● **Task requirements**: Repeat every line of the data exactly, but not the pictures.

● **Dataset content**:
__________________________________________________

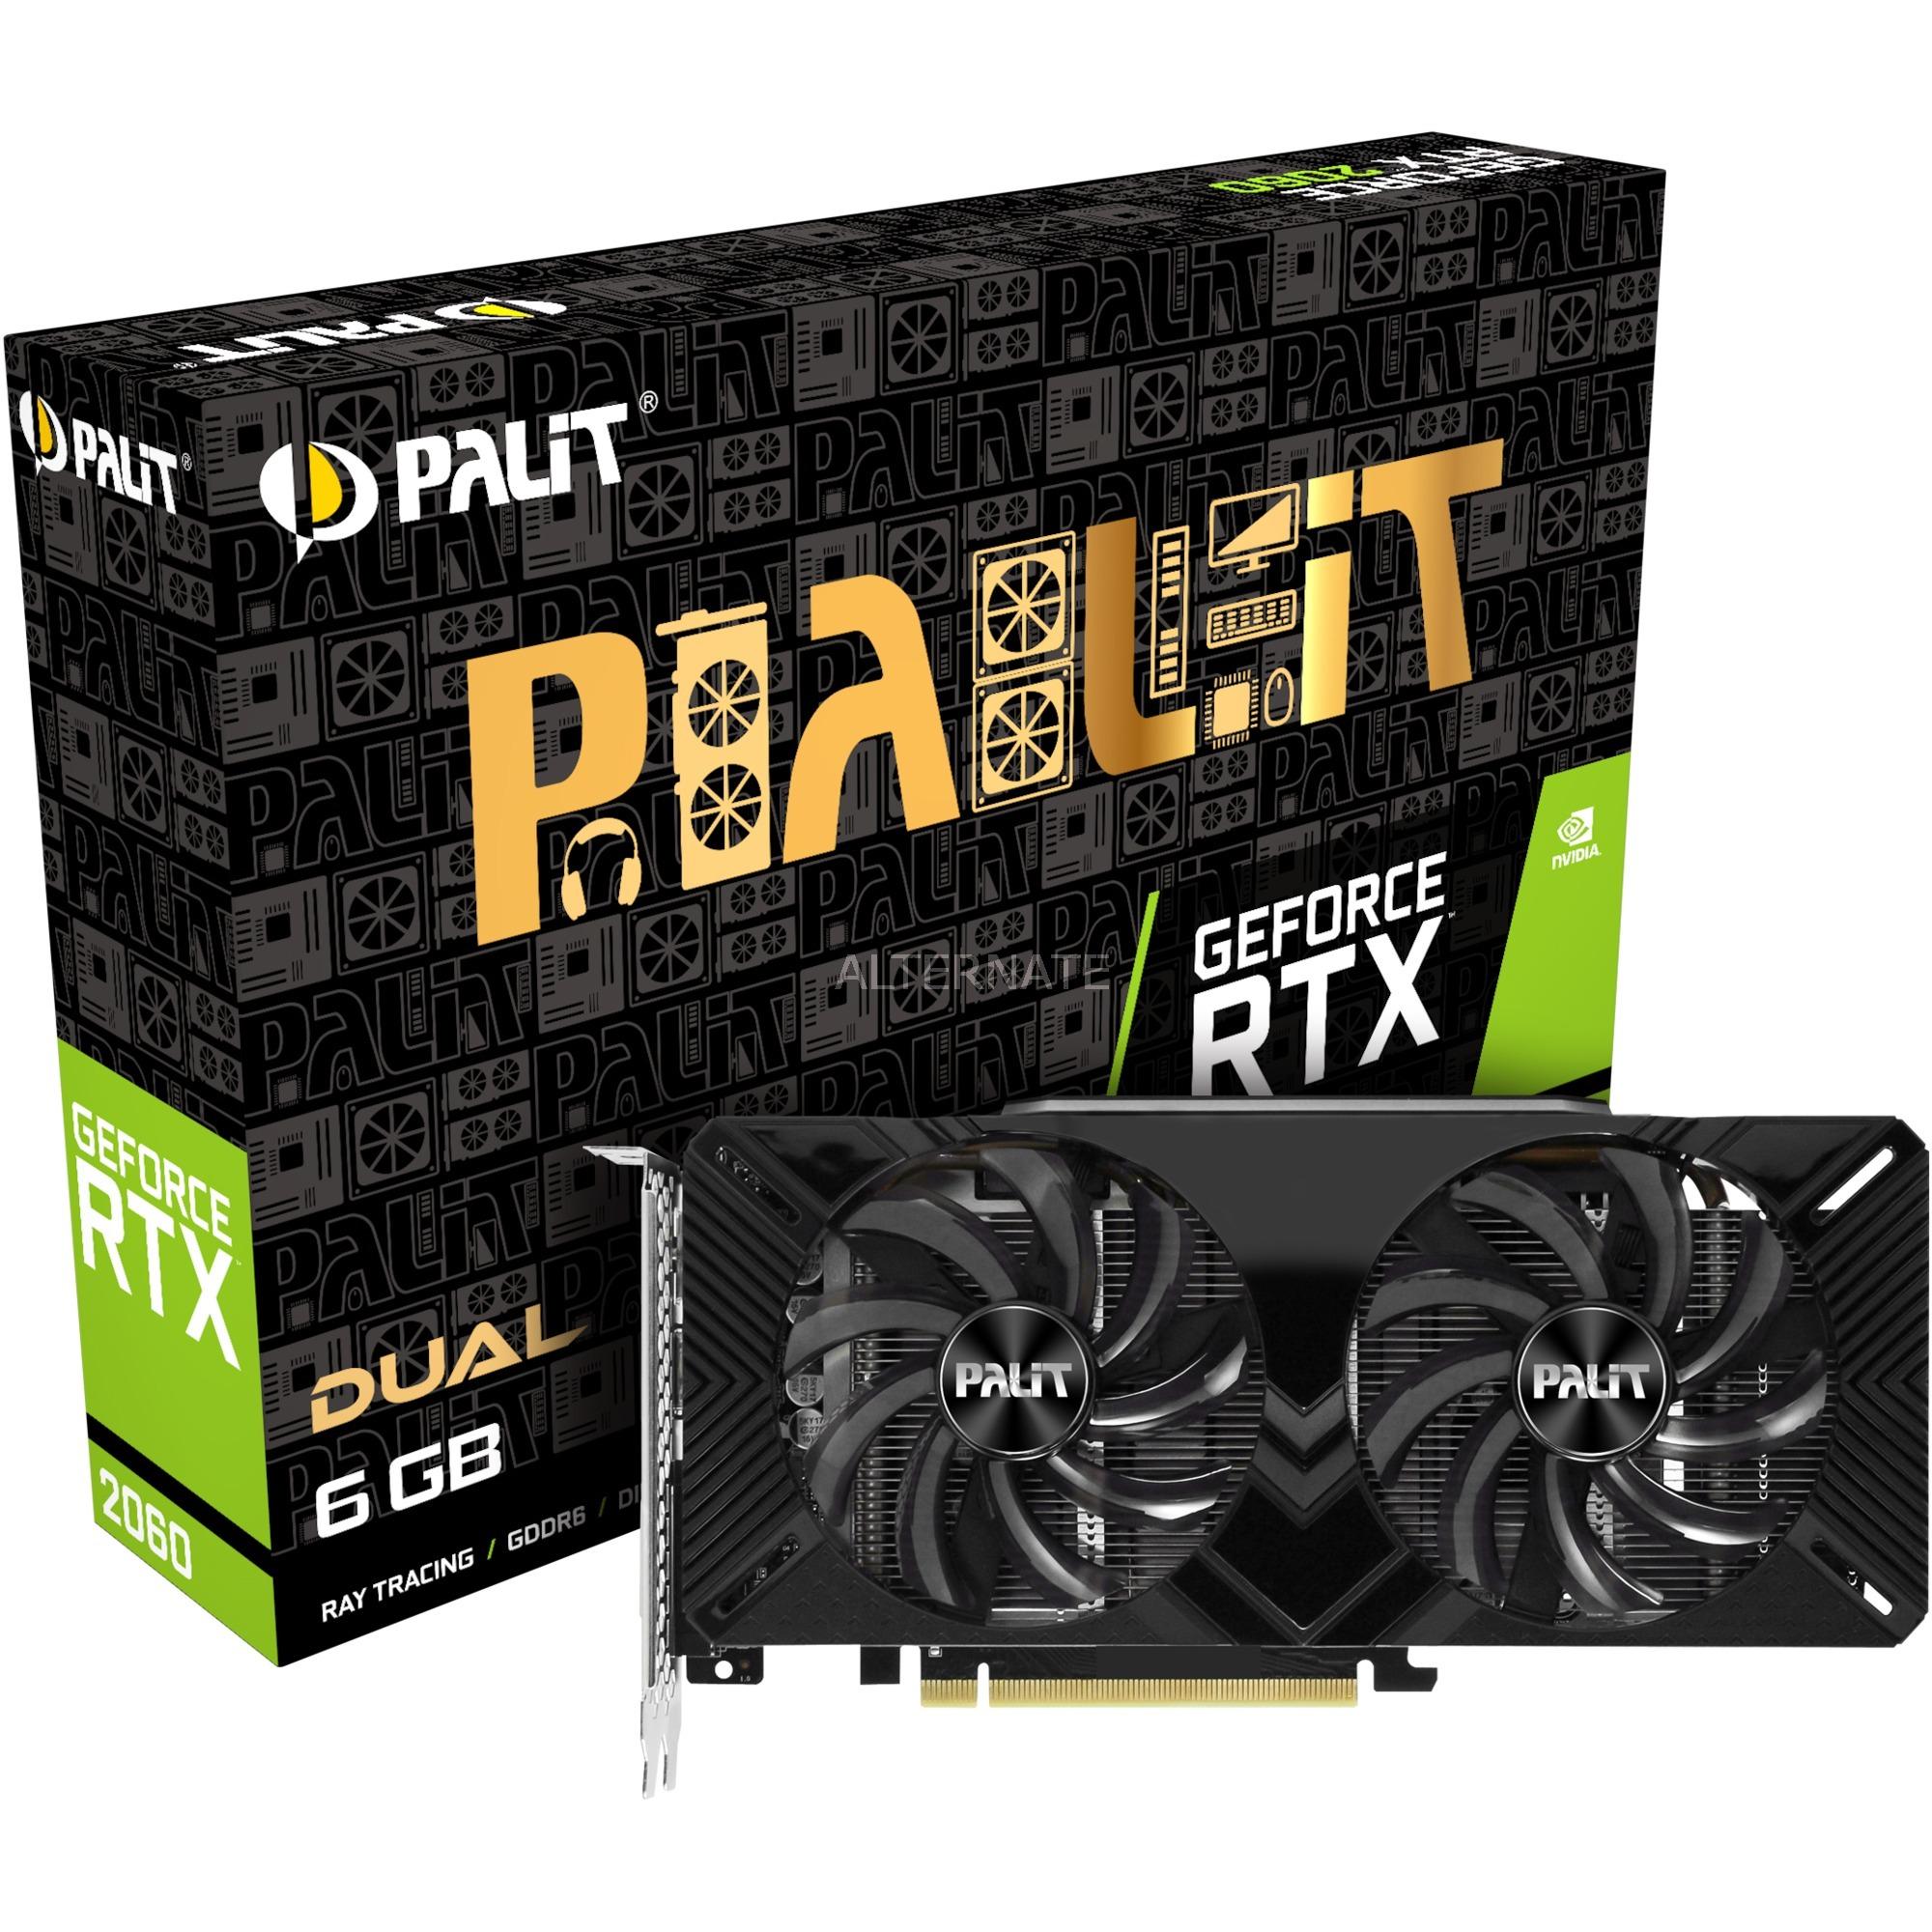 GeForce RTX 2060 Dual, Tarjeta gráfica
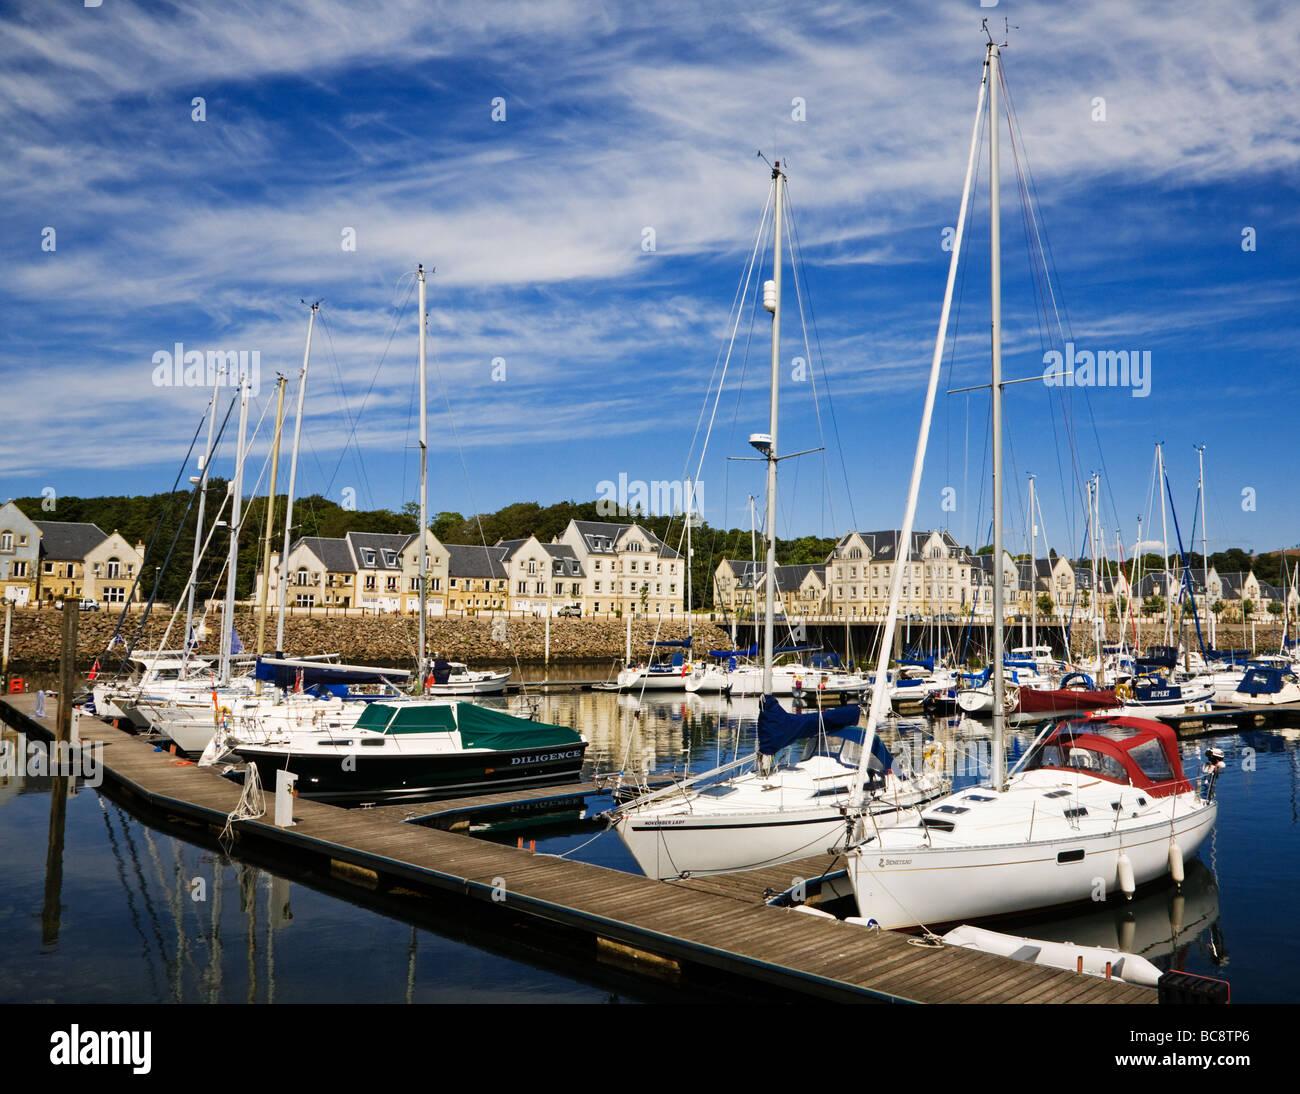 Inverkip Marina, Inverkip, North Ayrshire, Scotland. - Stock Image
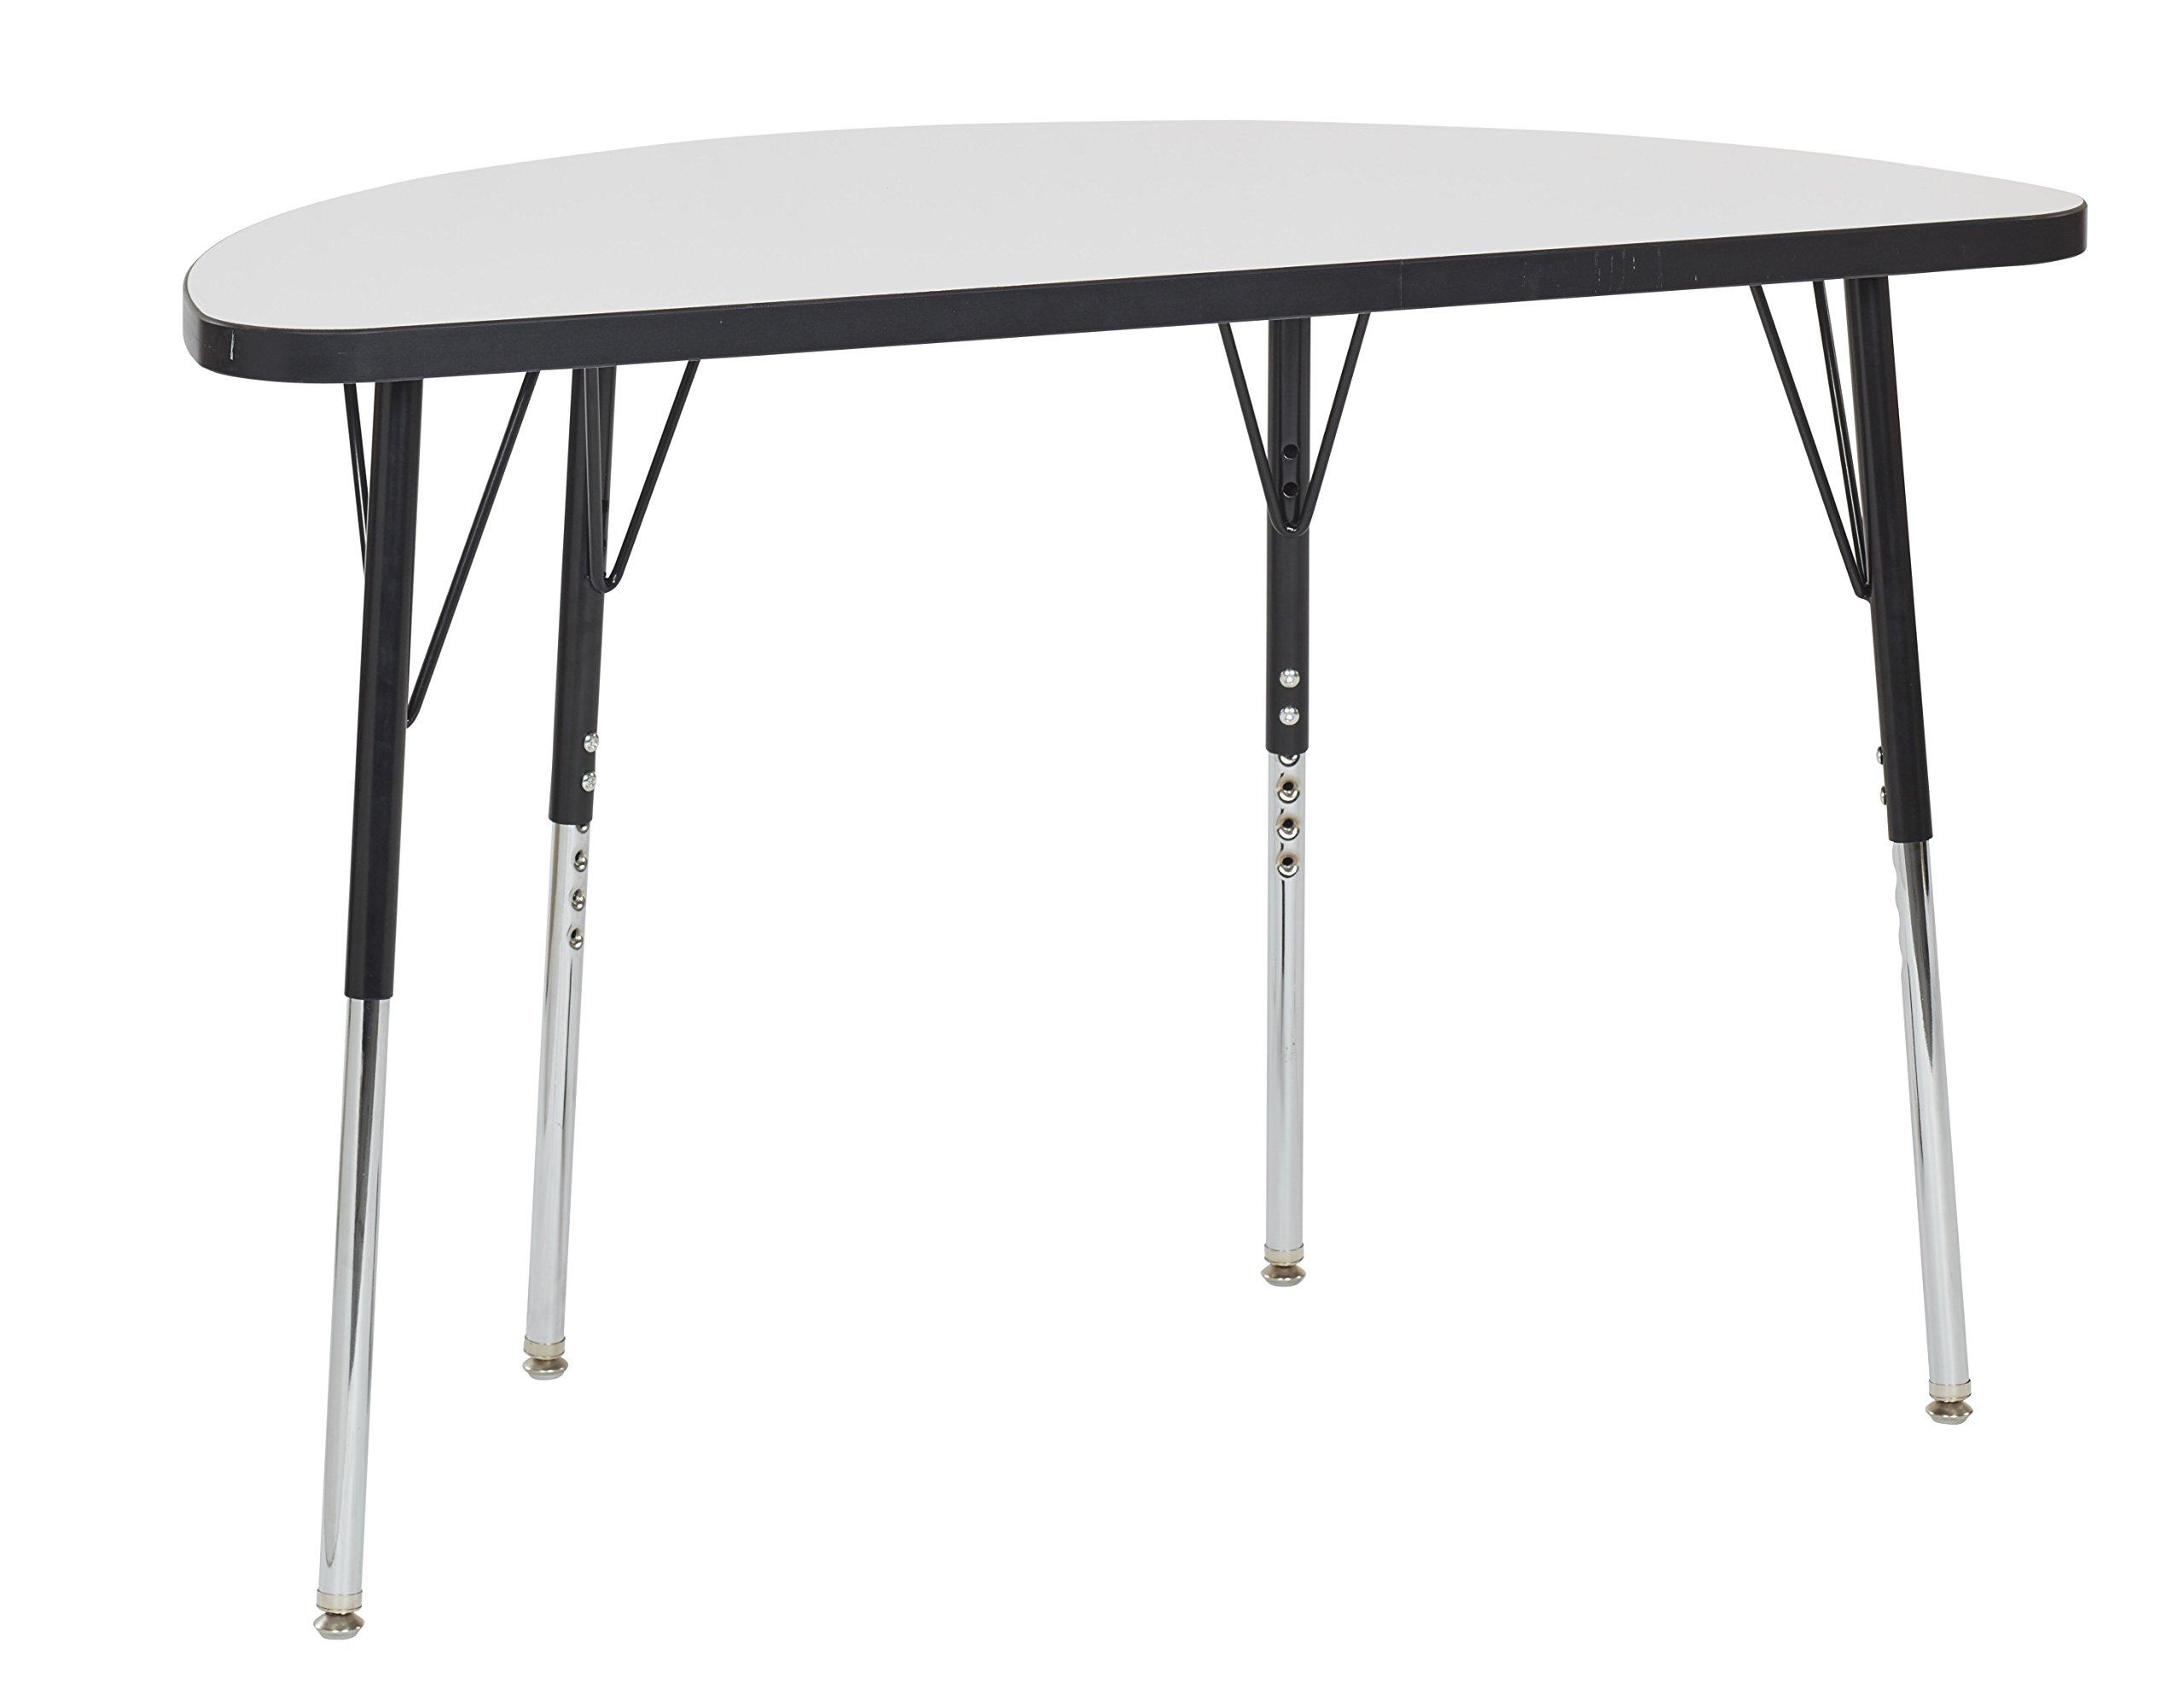 ECR4Kids Mesa Dry-Erase 24'' x 48'' Half Round School Activity Table, Standard Legs w/ Swivel Glides, Adjustable Height 19-30 inch (Black)

__________________________________________________

● **Task output**:
 GeForce RTX 2060 Dual, Tarjeta gráfica
 Inverkip Marina, Inverkip, North Ayrshire, Scotland. - Stock Image
 ECR4Kids Mesa Dry-Erase 24'' x 48'' Half Round School Activity Table, Standard Legs w/ Swivel Glides, Adjustable Height 19-30 inch (Black)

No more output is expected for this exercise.